19     What is the applicable procedure for service of extrajudicial and judicial documents to a defendant in your jurisdiction?

Judicial documents

There are two ways to provide documents to a defendant under the Civil Procedure Law and the Rules of Civil Procedure: service and sending.

Service of documents can be categorised as (1) service by personal delivery (Article 101 of the Civil Procedure Law); (2) in the event that (1) is unsuccessful, service by registered mail (unlike (1), service by registered mail is deemed to be effected at the time of sending, regardless of whether the defendant actually receives the documents (Article 107 of the Civil Procedure Law)); or (3) if neither (1) or (2) are successful, service by publication (in which a clerk of the court posts a notice in the posting area of the court, stating that the documents are in the possession of the court clerk and can be delivered at any time to the recipient).

Service of documents is required to be conducted by the court in the case of important documents for which receipt by the defendant is considered absolutely essential (e.g., petitions, petitions to appeal and the filing of final appeals).

Some documents (including written answers, briefs and documents stating an offer of evidence) are required to be sent directly to the defendant instead of involving the court.
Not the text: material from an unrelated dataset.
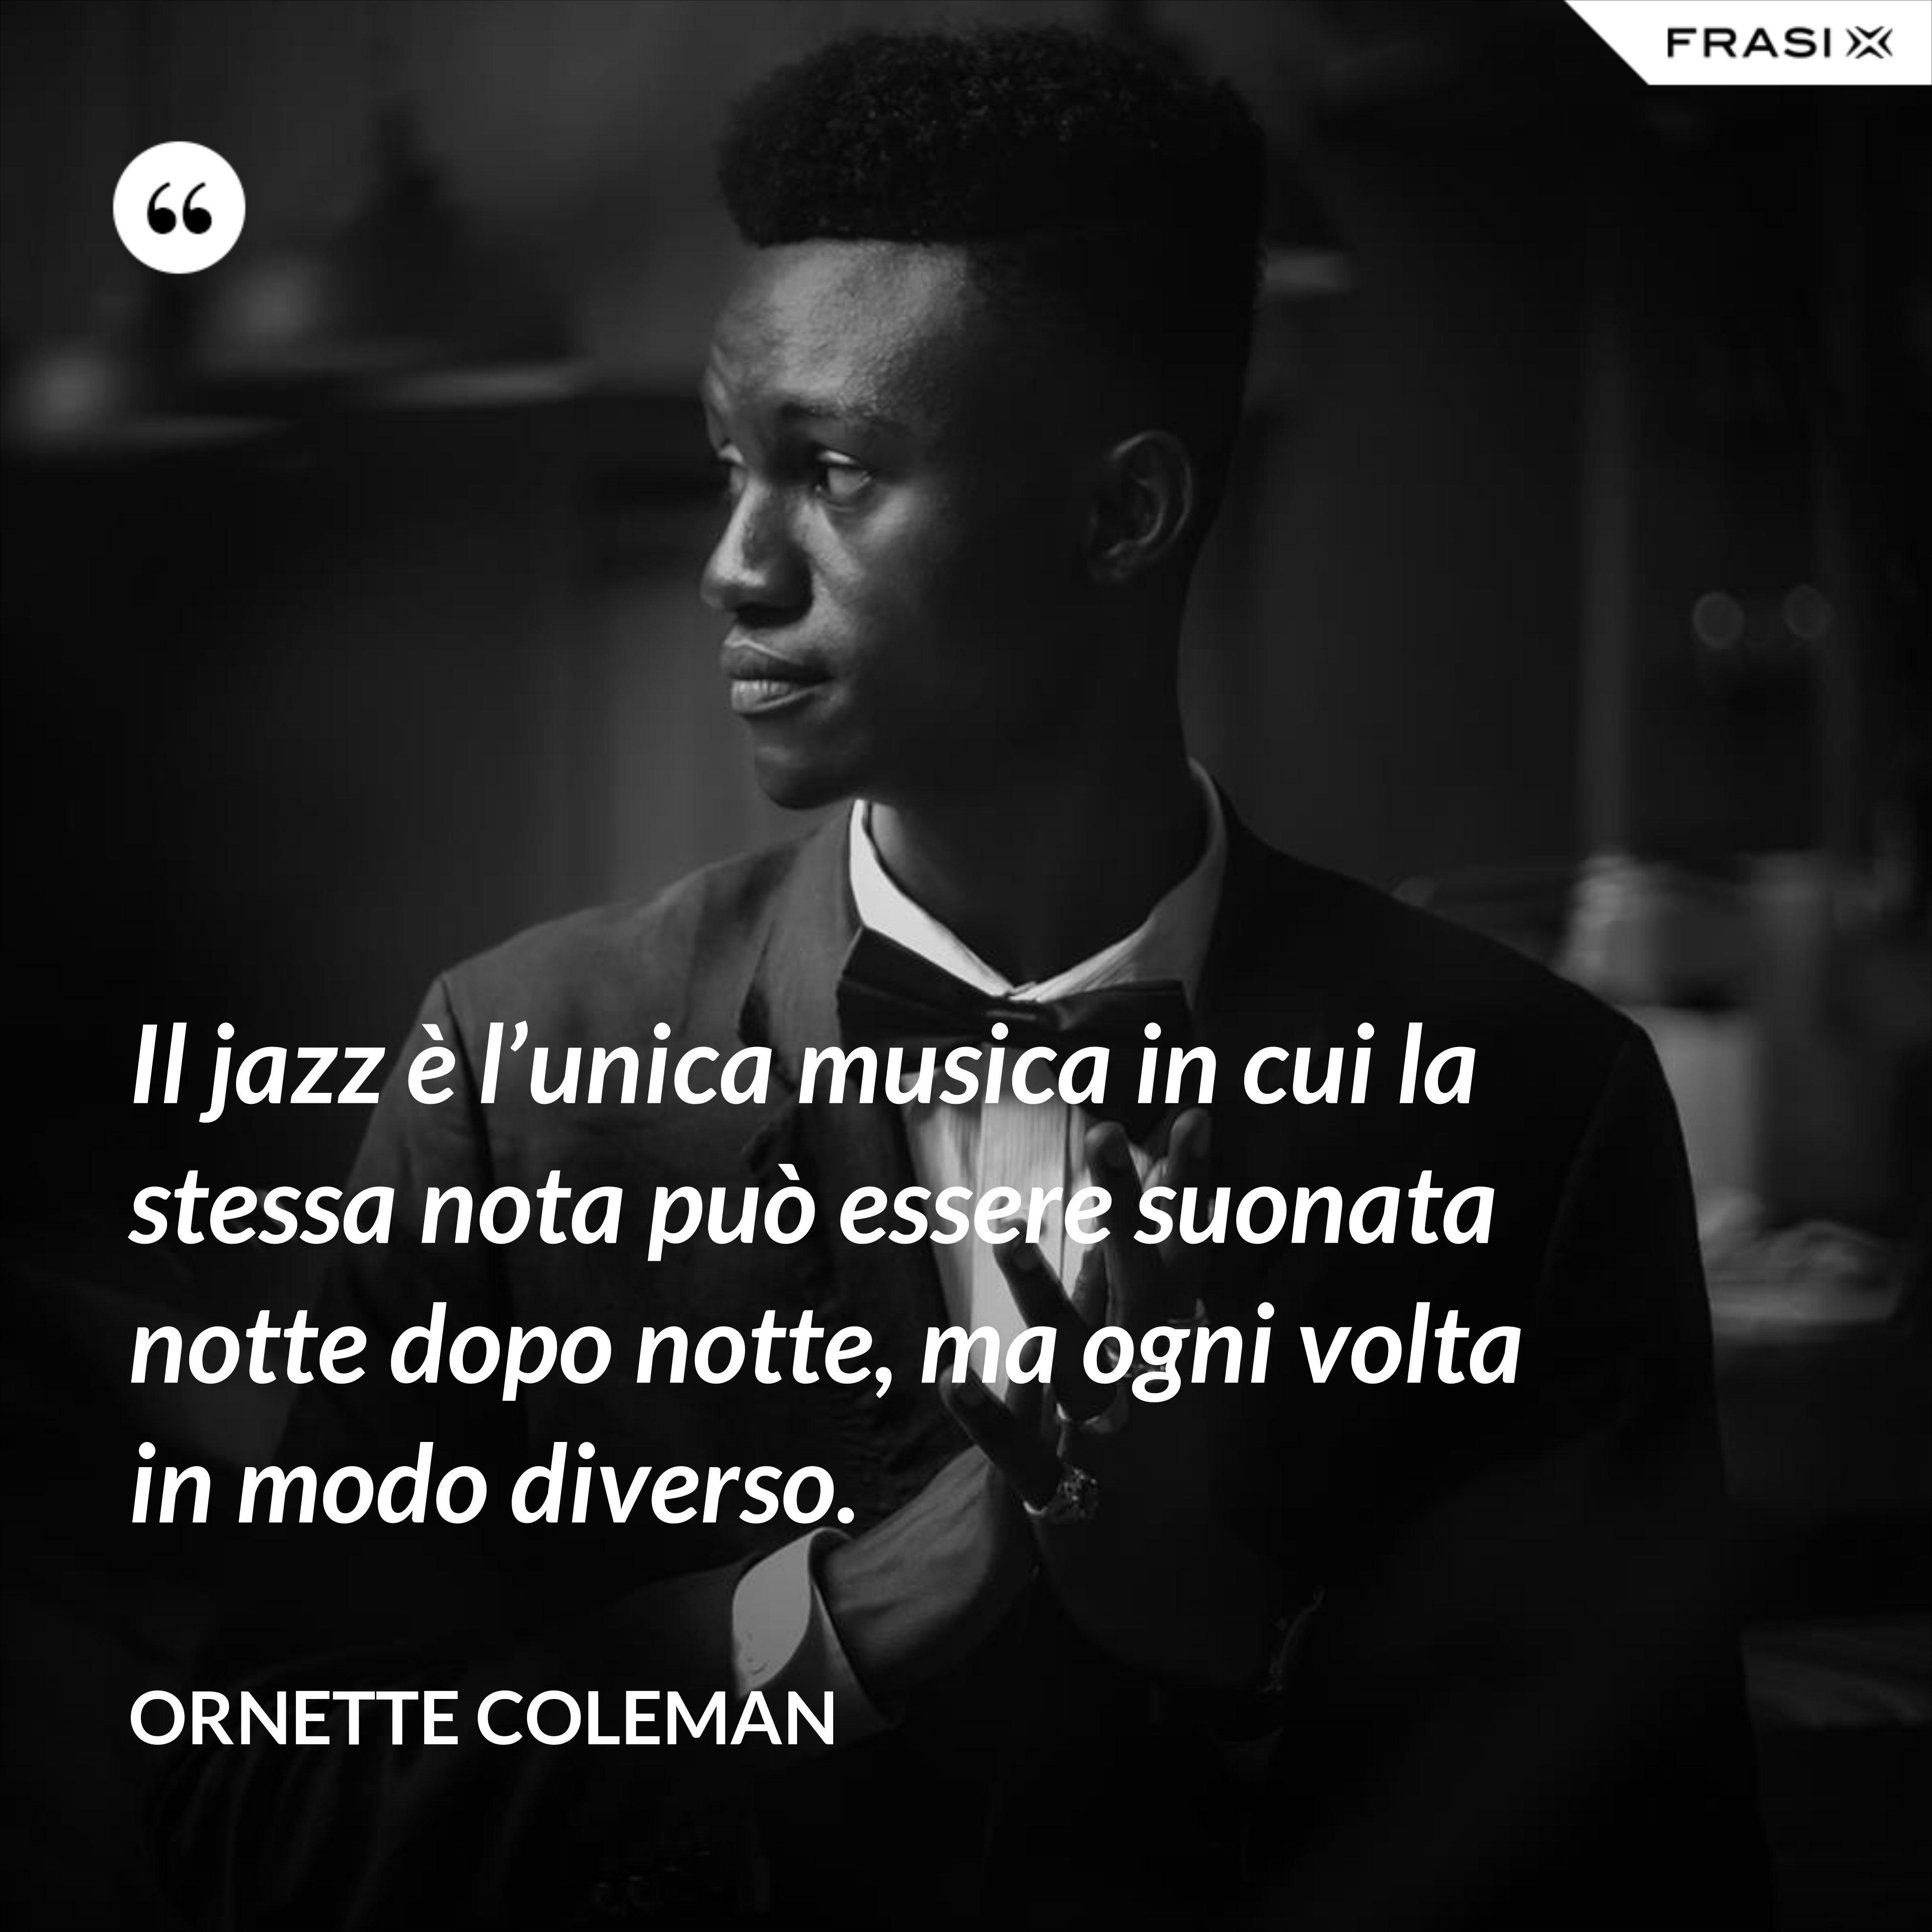 Il jazz è l'unica musica in cui la stessa nota può essere suonata notte dopo notte, ma ogni volta in modo diverso. - Ornette Coleman

The Rules of Civil Procedure stipulate that a party may send documents directly to the counterparty in some cases. For example, if a party submits documentary evidence to a counterparty and requests examination of that evidence, the party may directly send to the counterparty a copy of the documents, with a description of what the documents evince.

Extrajudicial documents

There is no particular provision under Japanese law governing the service of extrajudicial documents.
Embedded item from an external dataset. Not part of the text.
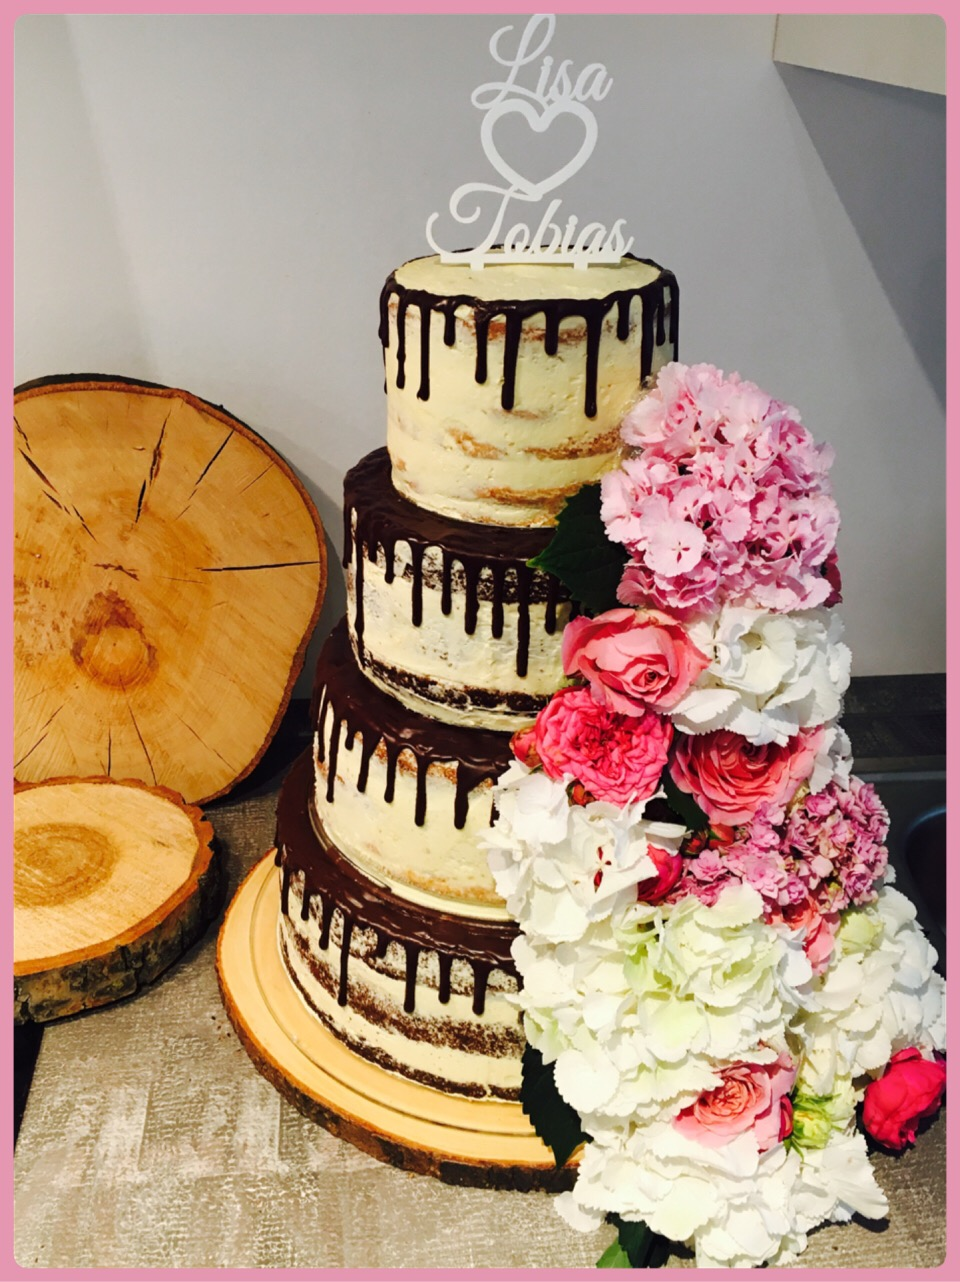 Naked Drip Cake Hochzeitstorte Fur Lisa Und Tobias Homemade By Kati

Service out of your jurisdiction

20     What is the applicable procedure for service of extrajudicial and judicial documents to a defendant out of your jurisdiction?

Judicial documents

For service by the court, several methods of service are available; which of those methods is used will depend on the terms of the relevant treaty between Japan and the country in which the defendant is domiciled.

There are three main methods of service: (1)a request is made to the related foreign authorities to serve the documents; (2) the documents are served via the Japanese consulate in that country; or (3) a request is made to the courts of the foreign country to effect service of the documents.

If there is no treaty, a party must make a request to the country in which the defendant is domiciled to serve the documents. 

Extrajudicial documents

There is no particular treaty or provision governing the service of extrajudicial documents.

Identification of assets


Asset databases

21     Are there any databases or publicly available registers allowing the identification of an award debtor’s assets within your jurisdiction?

There are no databases or publicly available registers as such that allow applicants to identify a defendant’s assets in Japan. Although real estate property and motor vehicle registers exist, applicants are unable to search them using the defendant’s name alone; more specific information would be required, such as addresses for the properties or registration numbers of motor vehicles. 


Information available through judicial proceedings

22     Are there any proceedings allowing for the disclosure of information about an award debtor within your jurisdiction?

Yes, such proceedings exist by virtue of Article 196 et seq. of the Civil Execution Act. Upon obtaining an enforcement order from the court, an applicant is able to apply for a property disclosure order, which requires the defendant to submit a list of assets held in Japan. Following submission of the list, the defendant is required to attend court to provide an explanation as to the status of those assets, and answer any questions from the court or the applicant. However, these proceedings are rarely beneficial for applicants because of the frequent failure of defendants to turn up at court.

Enforcement proceedings


Availability of interim measures

23     Are interim measures against assets available in your jurisdiction? May award creditors apply such interim measures against assets owned by a sovereign state?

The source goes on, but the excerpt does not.